The Dot Theory
a standard for representational completeness across domains
Dot Theory
This site functions as a working environment around an ongoing piece of research to formulate a standard for representational completeness across domains. The core framework is presented in its most stable form within the primary paper, while other materials on the site explore its interpretation, formalisation, and application. Some components may be provisional and are intended to support development rather than serve as final statements.
Natural Philosophy, mathematical physics, and representational structure
First publication: September 2024
Stefaan Vossen
Welcome, and thank you for reading this website.
Please allow me to open with a short poem.
Life is all about finding out that:
life is real
life is a game
that game has rules
reality is the record of it
you cannot not play a game in it
you cannot not play a game and not finish it
the game you play is the one you most understand
you are living less, the less playfully you play your game
What this site is:
Dot Theory is presented here as a research programme in Natural Philosophy with a specific technical aim:
To study whether certain physical and computational formalisms are representationally incomplete with respect to contextual and observer-conditioned information, and if so, to propose an extension that is mathematically coherent, reduces to standard theory in appropriate limits, and yields discriminable predictions.

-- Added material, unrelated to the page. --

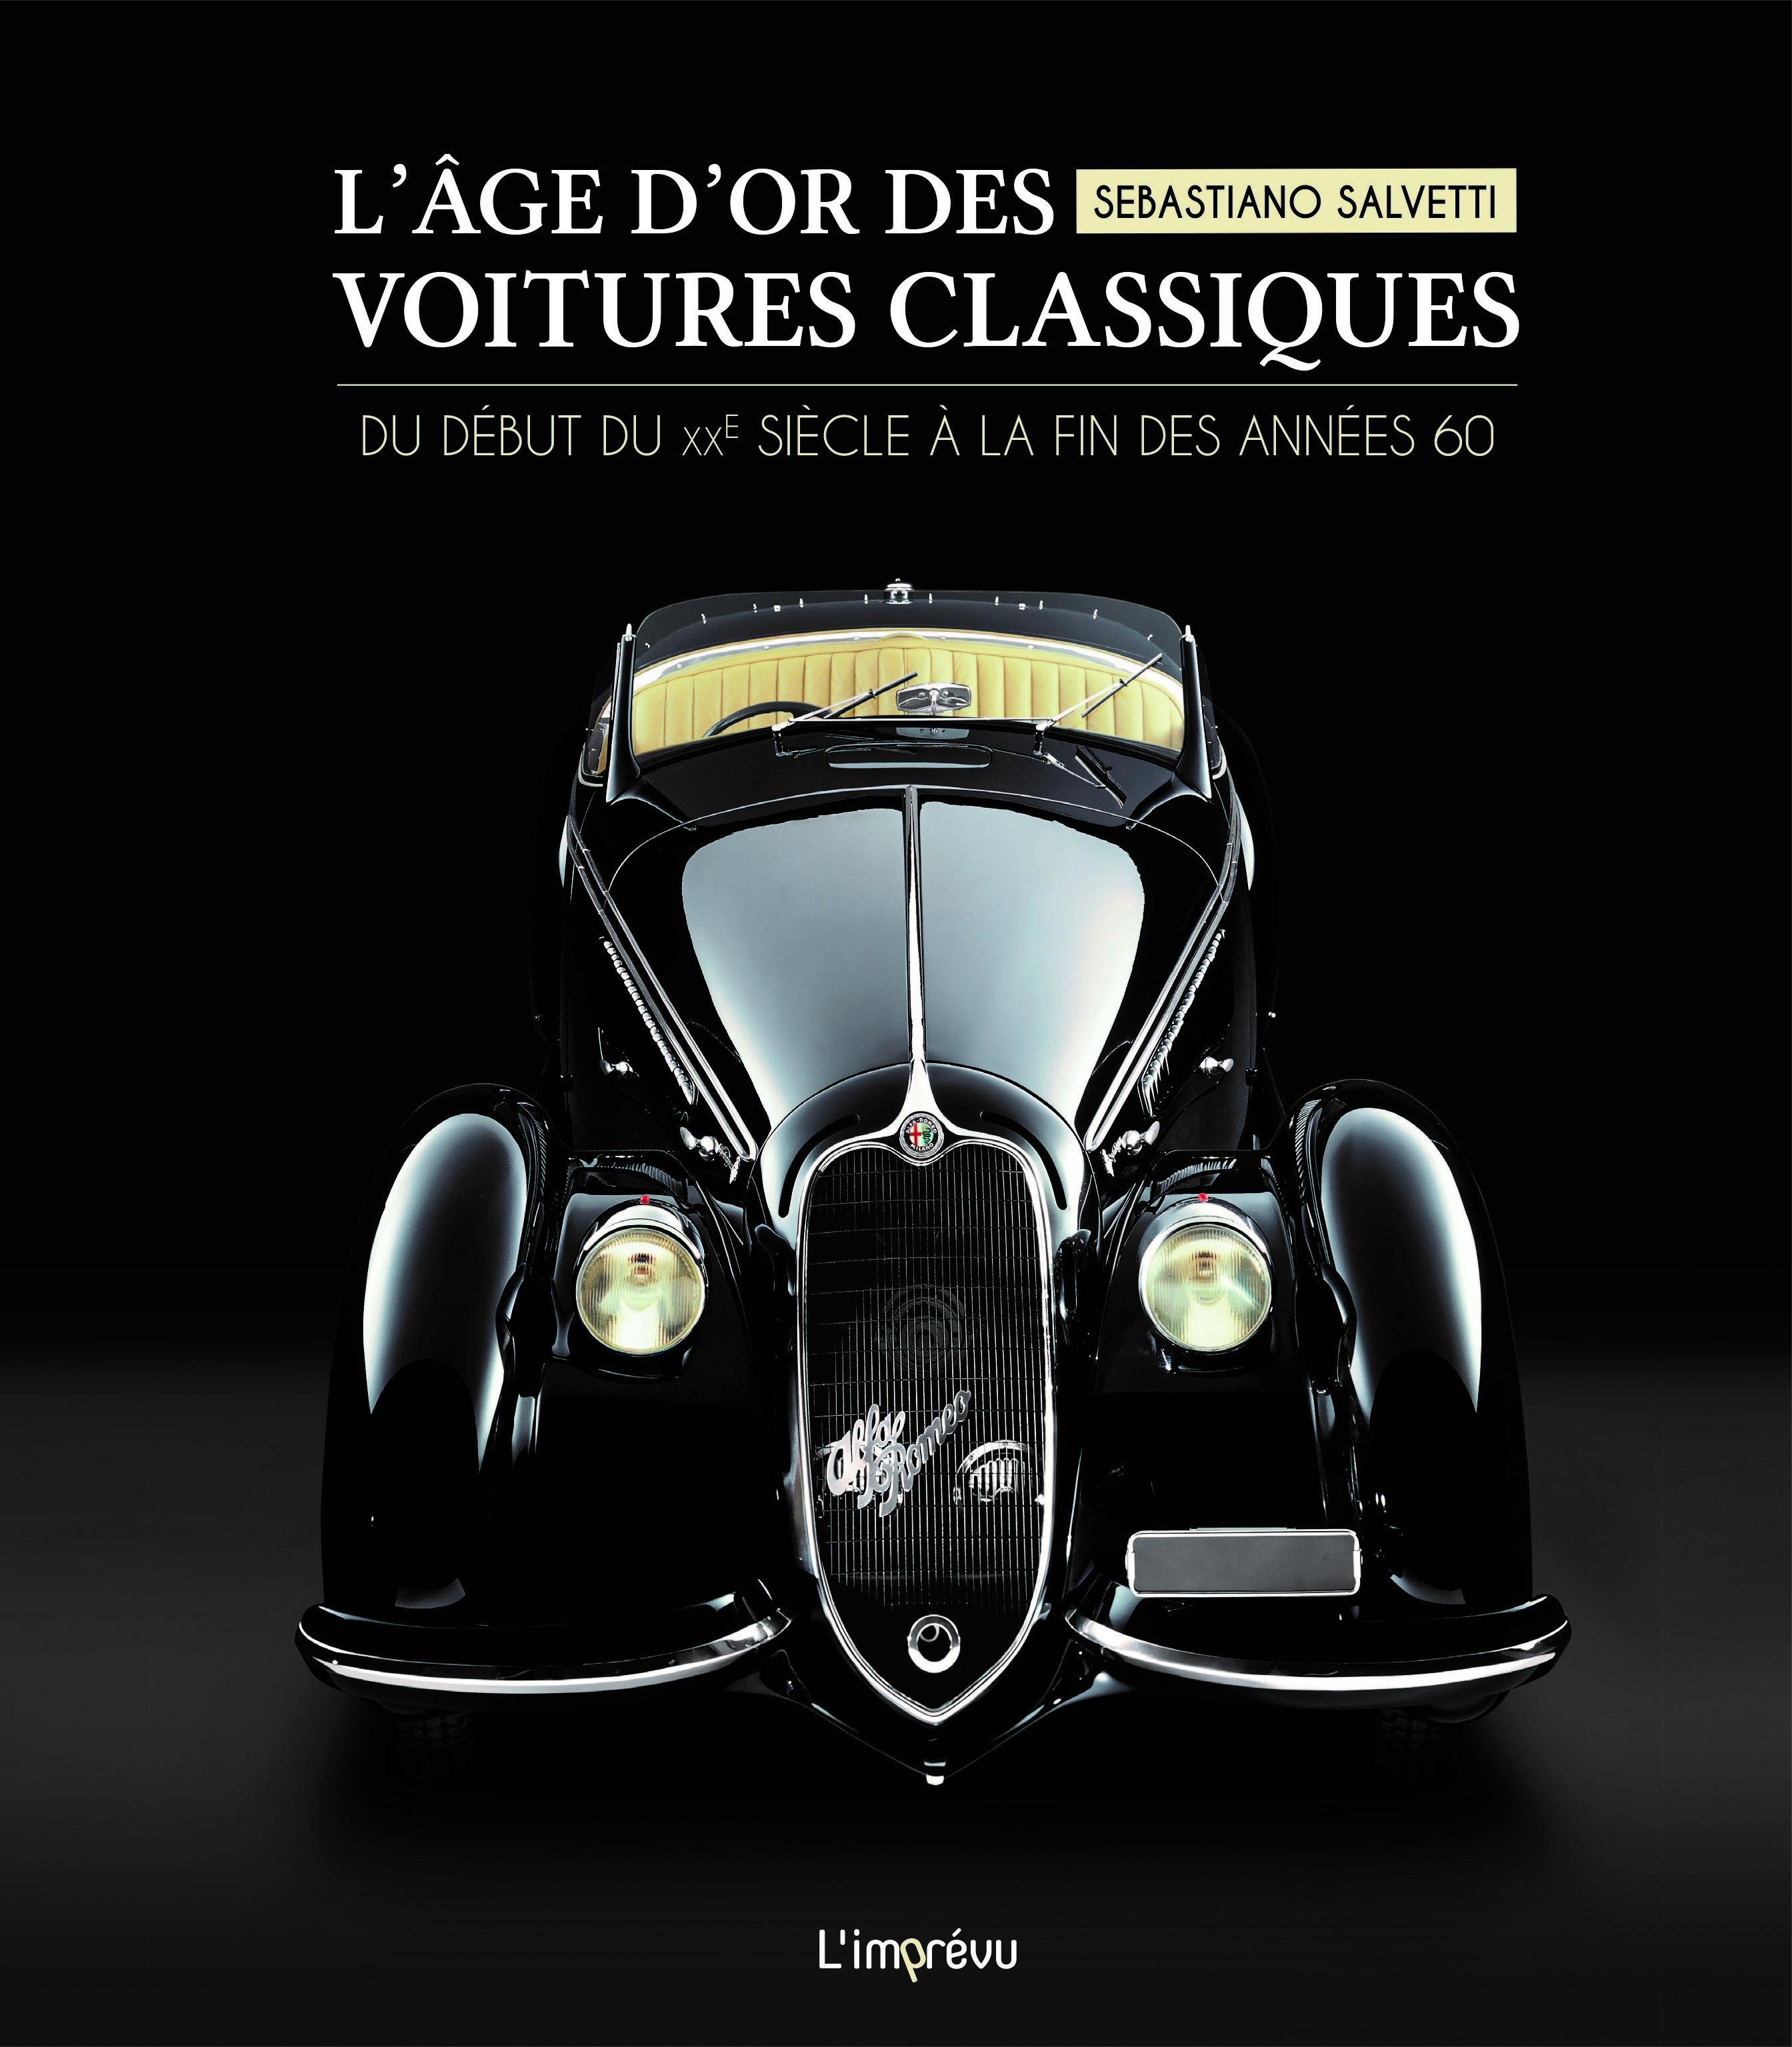 L'AGE D'OR DES VOITURES CLASSIQUES -  DU DEBUT DU XXE SIECLE A LA FIN DES ANNEES 60

This is not an interdisciplinary manifesto. It is a programme that intends to be judged by formal definition, derivation, and falsifiability.
The writing on this site is occasionally personal in tone because I think motivation matters. The mathematics, however, has to stand without rhetoric and can be found as follows across a series of links on this website and one paper for publication:
Internal site links to:
epistemic + institutional foundation: https://www.dottheory.co.uk/paper/a-modern-constitution
mathematical language for conditional objects: https://www.dottheory.co.uk/paper/conditional-set-theory
dynamics / optimisation geometry: https://www.dottheory.co.uk/paper/cost-homotop
External GitHub Repo: https://github.com/stefaanvossen-dot/Dot-theory
The paper for publication will be linked here when published but its derivative elaborations can be tentatively evaluated across the website.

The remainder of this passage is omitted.